Oil prices declined in Asian markets on Monday, continuing a downward trend following August losses, as investors appeared less concerned about immediate supply disruptions from potential secondary sanctions on Russian crude. Attention shifted instead to new Chinese factory data for indications of demand.

At 23:01 ET (03:01 GMT), Brent crude for October delivery fell 0.4% to $67.21 per barrel, while West Texas Intermediate (WTI) crude also declined 0.4%, settling at $63.78 per barrel. Both benchmarks recorded drops of more than 7% during August, pressured by concerns over oversupply amid steady OPEC+ production increases.

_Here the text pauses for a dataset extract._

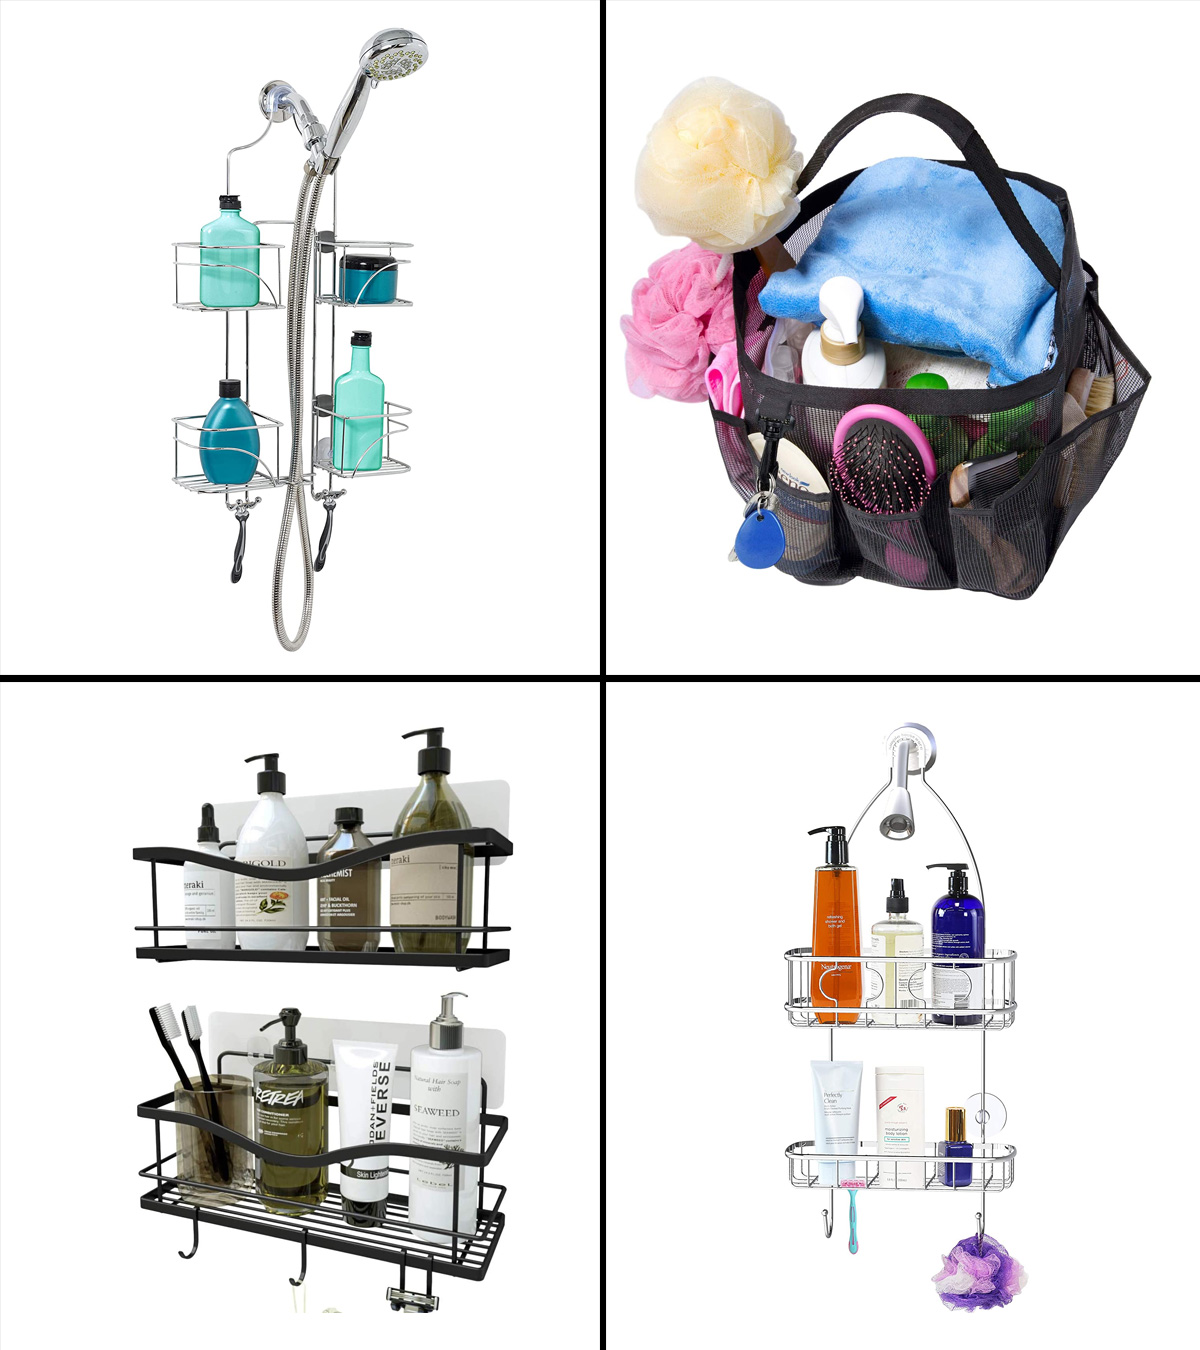 The Best Shower Caddy You Can Buy for College Dorm Life

Market Shows Little Reaction to Russian Supply Sanction Risks

Hopes for a Russia-Ukraine peace deal have waned following U.S. President Donald Trump’s call last month for Ukrainian President Volodymyr Zelenskyy and Russian President Vladimir Putin to hold direct talks before considering a trilateral summit in Washington. Despite this, worries about potential sanctions on Russian oil buyers have eased.

“Oil prices settled lower last week despite growing European calls for secondary sanctions on buyers of Russian oil and gas. The mild reaction may suggest the market is becoming increasingly numb towards sanction risks,” ING analysts said in a note.

“And that to be effective, sanctions would likely need US backing. Up until now, the US has only imposed secondary tariffs on India for its purchases of Russian oil, not other key players like China,” they added.

In connection with India’s continued purchases of Russian crude, an additional 25% U.S. tariff on Indian imports came into effect last week, doubling the total duty to 50% as of August 27.

Traders Weigh Demand Outlook; China PMI in Focus

Seasonal trends are also under scrutiny, with U.S. fuel consumption expected to ease as the summer driving season winds down. Rising OPEC+ output in the coming months may increase supply further, potentially boosting inventories if economic growth remains slow.

Demand projections remain mixed following contrasting economic readings from China. The official manufacturing purchasing managers’ index (PMI) showed a contraction in August, while a private RatigDog survey indicated that factory activity rebounded at the fastest pace in five months.